The annual dental professional salary survey

Dental assistant survey audience demographics

Ninety-six percent of the responding dental assistants were female, with 48% between 25 to 44 years old. Thirty-seven percent are the sole income earners in their households. Eighty-five percent of respondents have completed a college-level program in dental assisting, while 50% reported they have expanded duties certification and 45% have DANB certification.

The majority of respondents (76%) assist general dentists, and the remaining 24% assist dental specialists. Forty-five percent work with office teams of five to 10 members, and nearly 22% work on large teams of more than 15 members. Seventy-five percent of responding dental assistants work in private practice settings, while 16% work in corporate practices. Of the 9% who responded “other,” they assist ib public health facilities, community clinics, hospitals, universities, military facilities, prisons, and public schools.

One out of five DAs work in more than one dental office

Just over 21% percent of this year’s responding dental assistants reported they work more than one job. Seventeen percent reported they work a side job that is nonclinical in nature. Eighty-four percent of respondents said they work more than 30 hours per week, and 10% work more than 40 hours a week. Just over half (57%) said they are satisfied with their hours.
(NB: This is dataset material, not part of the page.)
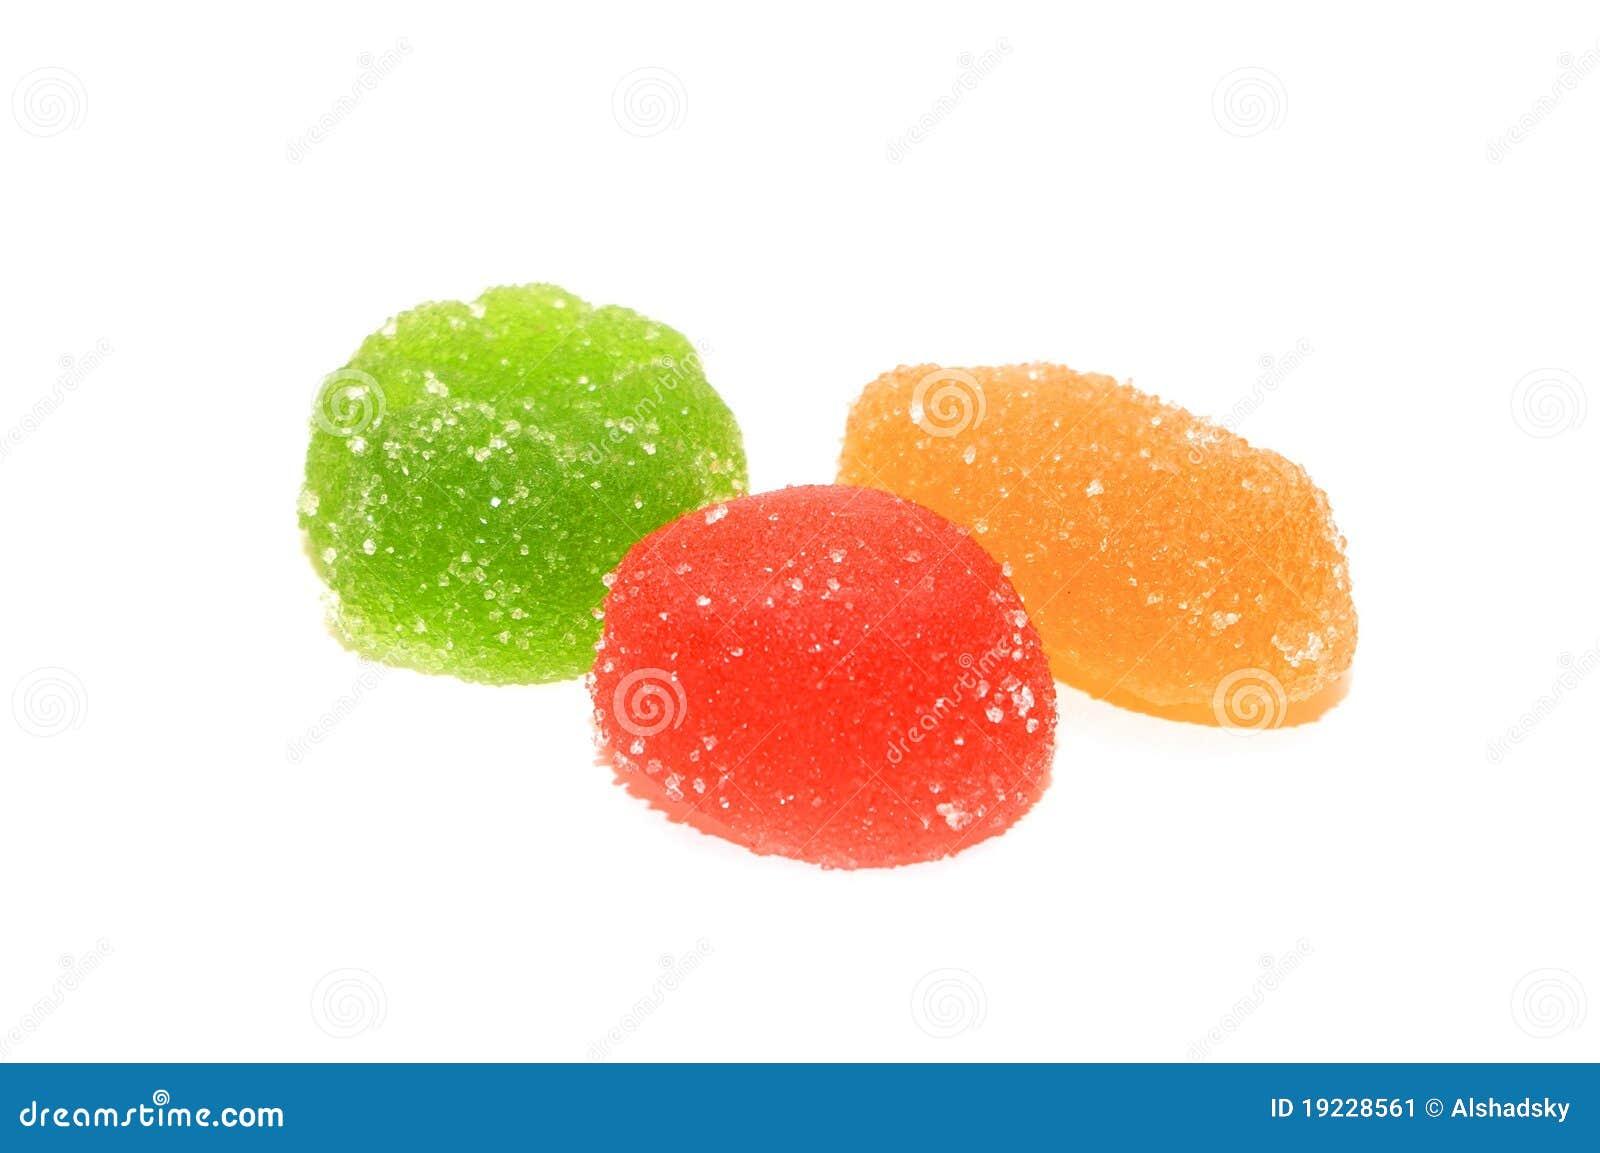 Fruit Jellies Stock Image - Image: 19228561

Many dental assistants also do phone and administrative work

Nearly half of the responding dental assistants said they perform “front office” duties in addition to their clinical duties. One in three respondents said “treatment coordinator” is part of their job title. Since COVID-19, 49% have been asked to take on additional responsibilities beyond their normal job description. Only 18% said they are being compensated for those additional responsibilities.

Dental assistant income is rising

This year, 44% reported they received a pay raise in the last 12 months, and another 25% reported a pay raise in the last one to two years. In 2021, 61% of the full-time dental assistant salaries ranged from $31,000 to $50,000. Fourteen percent earned more than $50,000, compared with 12% in 2020. In the last year, the percentage of dental assistants earning less than $20,000 per year dropped from 8% to 4.5%. Nine out of 10 assistants are paid hourly, and their average hourly wage is $21.95. Of the 8% who are paid a salary, 50% earn a base salary between $30,000 and $49,000. Despite these improvements, only 24% reported they felt satisfied or very satisfied with their total income.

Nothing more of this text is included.